I have a minimization problem involving optimizing the geometry of a curved
surface (pole head shape on a salient-pole generator, if anyone is interested).
There are a number of options available for this including sqp, fminsearch,
fminunc, fmincon, and nonlin_min. I'm not sure which to use. Since I have
constraints I have started with sqp, which seems to be the preferred one.
I have some questions about the functionality of sqp, in particular, about the
form of the constraint functions (designated as g and h for equality and
inequality functions). According to the documentation, these accept the
input vector X and produce an output vector.
1. Does this output vector have to be the same length as the input vector?
If so, what if there are more constraints than components? Or fewer?

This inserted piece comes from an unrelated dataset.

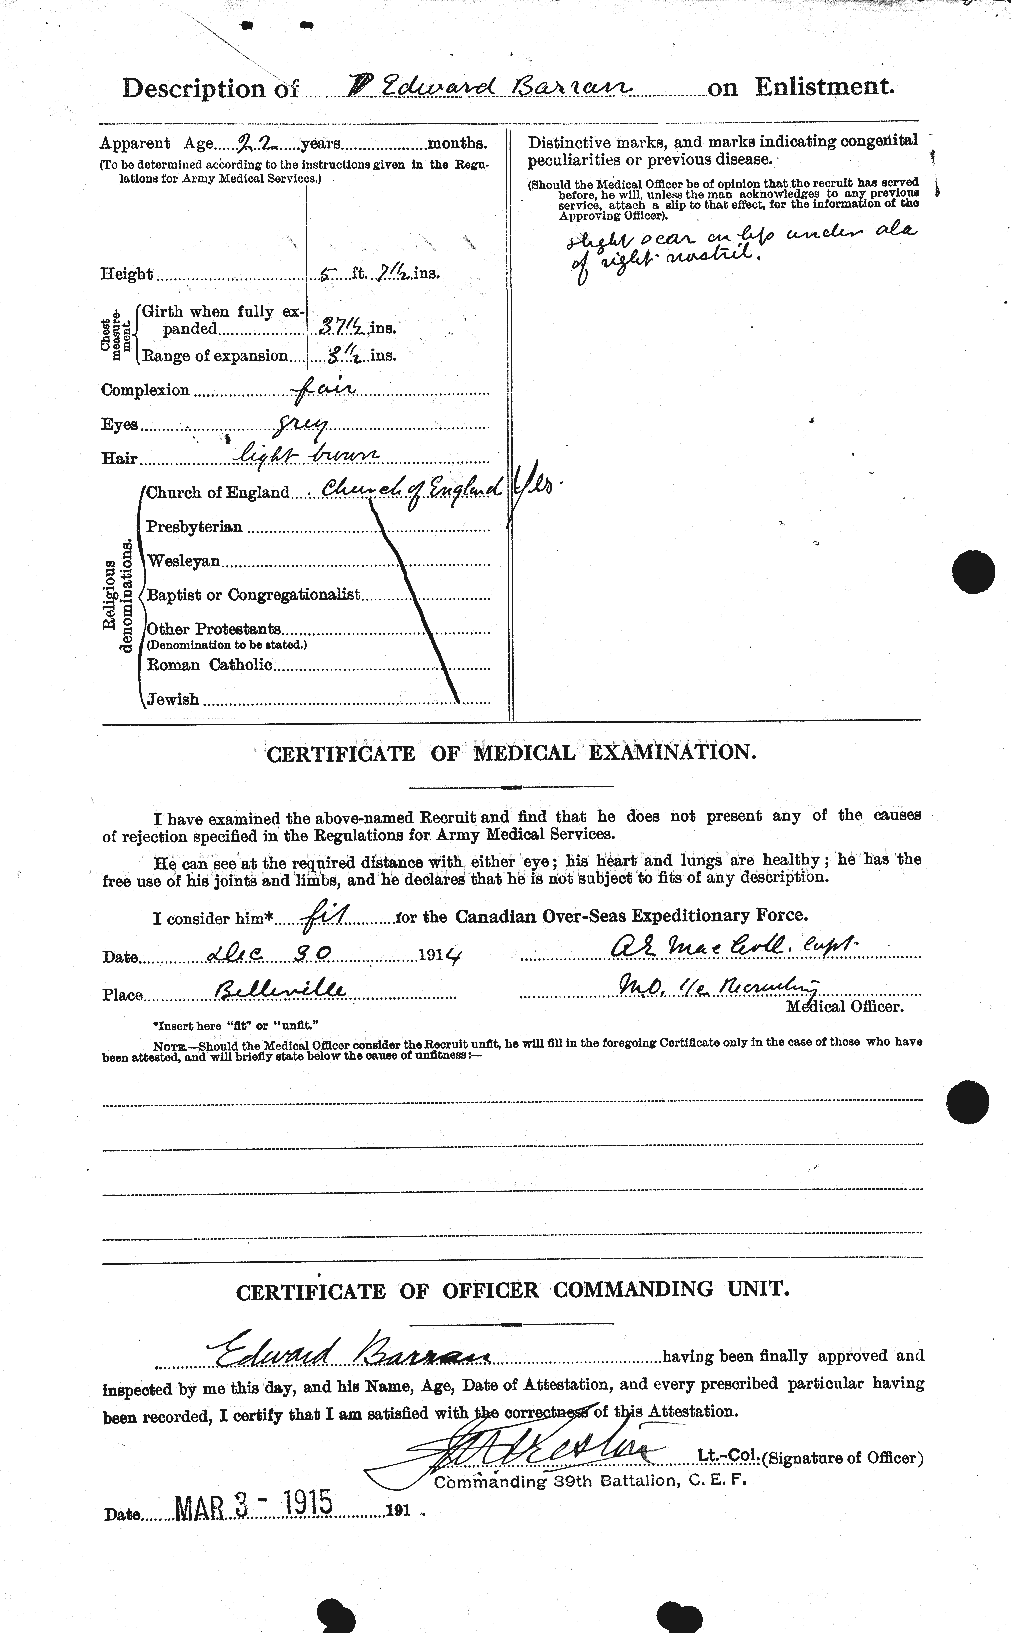 Personnel Records of the First World War - CEF 221587b

2. Is there supposed to be any correlation between the components of the
output vector and the input vector? In other words, does output G(1) have
to depend on X(1) in some manner? Or does the routine make its own
determination of how the output depends on the input?
Also, more generally:
3. What happens if the objective function gets driven into an infeasible
region, such that it produces N/A, NAN, or Inf as an output? Will the routine
crash? If so, can I deal with this in a wrapper function? If so, what output
should be provided -- just a very high number?
4. Is there any documentation of the algorithm sqp uses?
5. Are any of the other options preferable to sqp?
Thanks again for your assistance.
Regards,
Allen
--
Allen Windhorn P.E. (Mn), CEng| Senior Principal Engineer
Leroy-Somer Americas | Kato Engineering, Inc.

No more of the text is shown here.